Литмир - Электронная Библиотека
A
A

На мольберте стояла начатая работа – закат над водой, а все стены до пола были плотно увешены морскими пейзажами.

Море в лунном свете, на закате, на рассвете, темное от надвигающейся бури, яркое от солнечного блеска, кипящее белыми гребешками… Кроме моря, здесь были картины с изображением озера и залитых солнцем бухточек, образованных широким устьем Муррея. Больше ничего.

Дели с недоумением смотрела вокруг, не зная, что сказать. Чего же она ожидала? Не этого. Философская портретная живопись, может быть, жанровая живопись с сатирическим подтекстом, – все, что угодно, но только не эта романтическая увлеченность морем, полутонами лунного света и пробуждающихся рассветов. Здесь не было ни одной картины, написанной при ярком, богатом красками дневном свете.

– Ну? – Рибурн смотрел не на нее, а вниз, на озеро.

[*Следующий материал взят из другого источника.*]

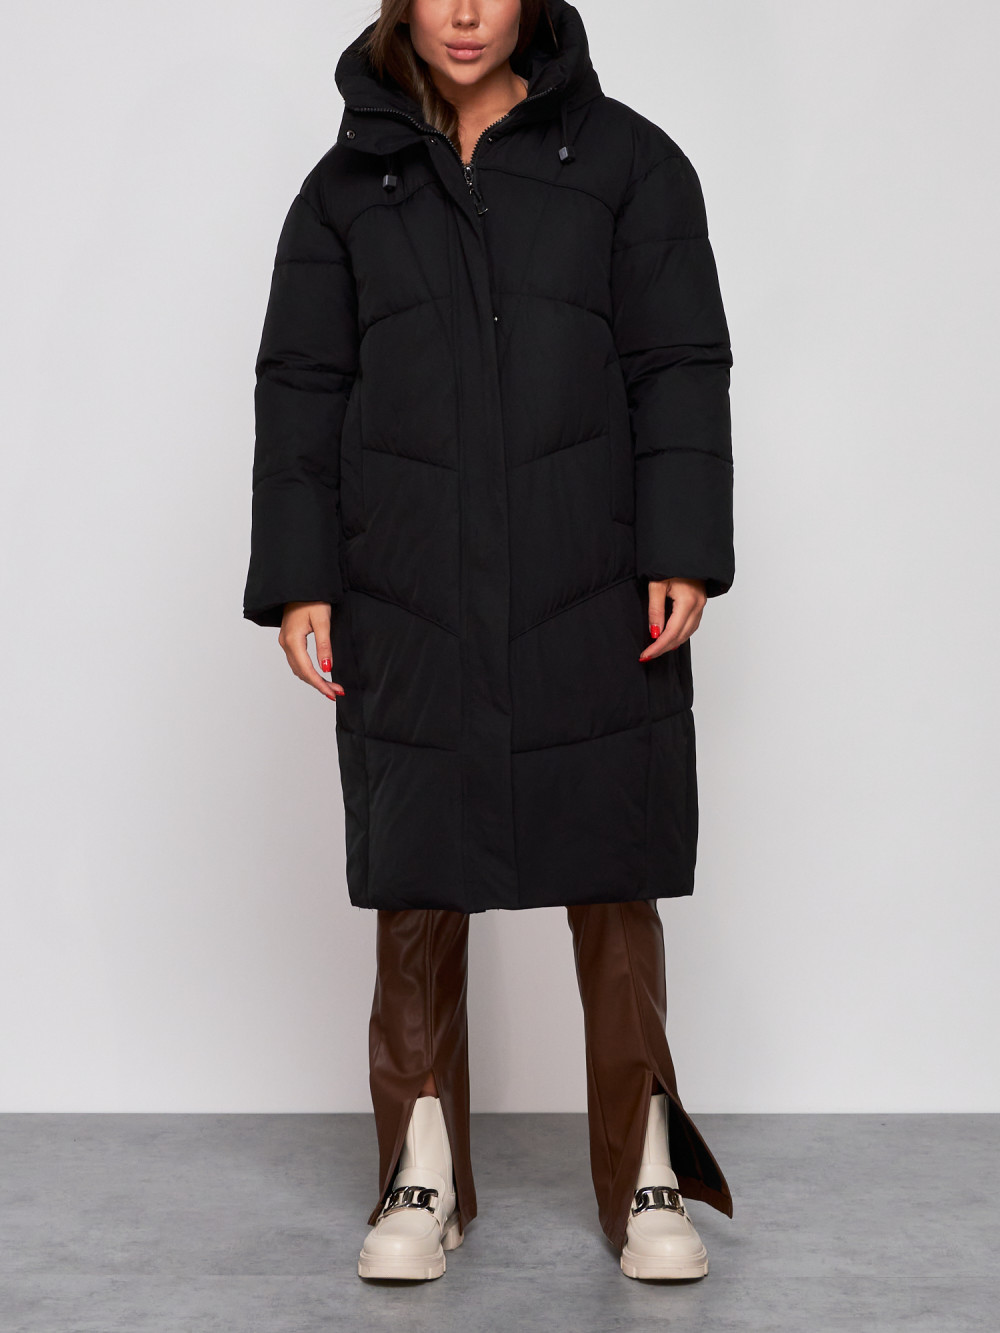 Пальто женское NoBrand AD52326 черное XL

– Я потрясена, – сказала она наконец. – Это так неожиданно…

Дели ходила вдоль стен, не пропуская ни одной картины, внимательно разглядывая даже незаконченные наброски.

– Я не знала, что вы так любите море. Скажите, это Гулуа-Бич? Песчаные холмы, кустики сухой травы и бесконечный ряд волн, набегающих на берег, все купается в лучах красного солнца, висящего совсем низко над горизонтом.

Рибурн кивнул.

– Забавно, мысленно я видела этот берег почти всю свою жизнь, но всегда видела его холодным, холодным и белым, с голубым накатом морских волн и песчаными холмами, похожими на замерзшую пену.

– Очень похоже! Песок там не белый, но брызги морской пены в ветреные дни поднимаются в воздух и ложатся кучками, как снег, и волны разбиваются с ужасающим грохотом. А это я нарисовал в день большого степного пожара, когда отблески огня ложились на воду с удивительным медным отсветом. Устья Муррея здесь почти не видно, оно теряется в легкой дымке.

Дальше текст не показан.